En el primer día sin invierno desde hace no recuerdo cuándo me acuerdo bien del 11 de marzo de hace diez años, que fue un día, al menos en Úbeda, feo e inhóspito, con una grisura de luto prolongado. Estábamos en Nueva York el 11 de septiembre de 2001, pero el 11 de marzo de 2004 nos sorprendió en Úbeda, en los días de extrañeza, fatiga y silencio que vienen siempre después de la muerte de alguien.
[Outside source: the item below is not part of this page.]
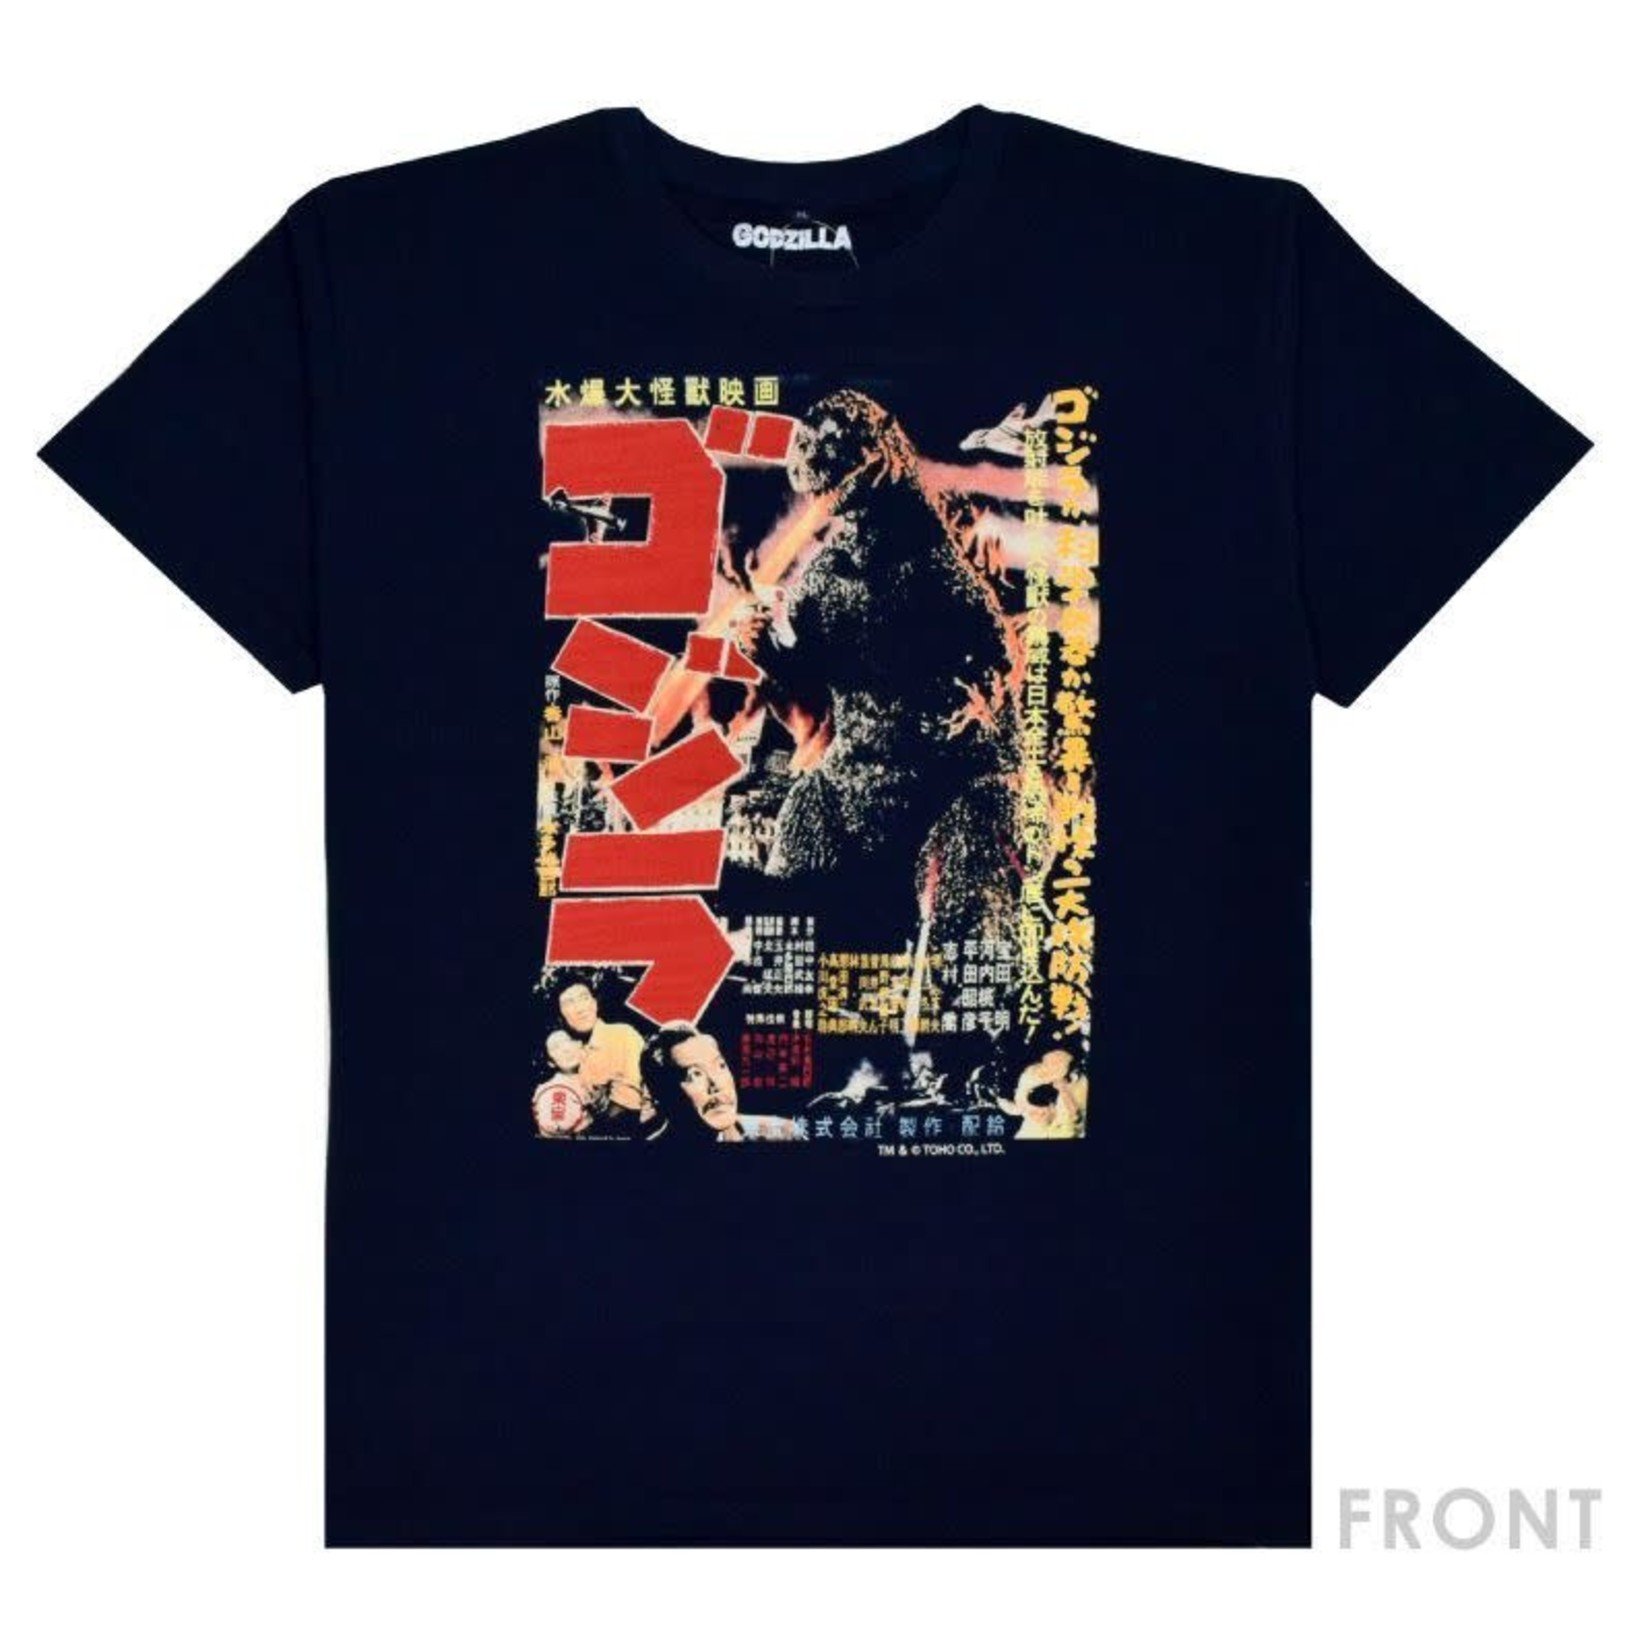 Toho Co. LTD T-Shirt - "First Godzilla" Movie Poster - 508954

En 2001 fue Elena, con sus doce años recién cumplidos, la que nos despertó por teléfono desde Granada para contarnos lo que ella estaba viendo en el telediario de las 3, que había habido un accidente en Nueva York y un avión acababa de estrellarse contra una de las torres gemelas.
Esta vez nos despertó Miguel, muy temprano, desde Madrid, y como teníamos tan reciente el trauma de las llamadas de teléfono que irrumpen de madrugada en mitad del sueño se nos sobresaltó el corazón: hay ese momento en que uno de los dos responde al teléfono, y el otro, muerto de miedo, intenta deducir por el tono de voz y por las primeras palabras quién será el que ha llamado, qué ha ocurrido.Según hablábamos con él, el número de muertos seguía creciendo.
Luego vino la mentira, la imperdonable manipulación política infamando el dolor. En los días siguientes echamos de menos la solidaridad sin fisuras de sectarismos, el calor incondicional, respetuoso y solemne que recibieron las víctimas y sus familias en Estados Unidos inmediatamente después del once de septiembre.
Por no hablar del esperpento tóxico de la teoría de la conspiración, que tanto daño ha hecho también, a su manera. Matan las bombas, pero algunas veces también mata la calumnia. Frente a ella las personas son mucho más frágiles de lo que parece.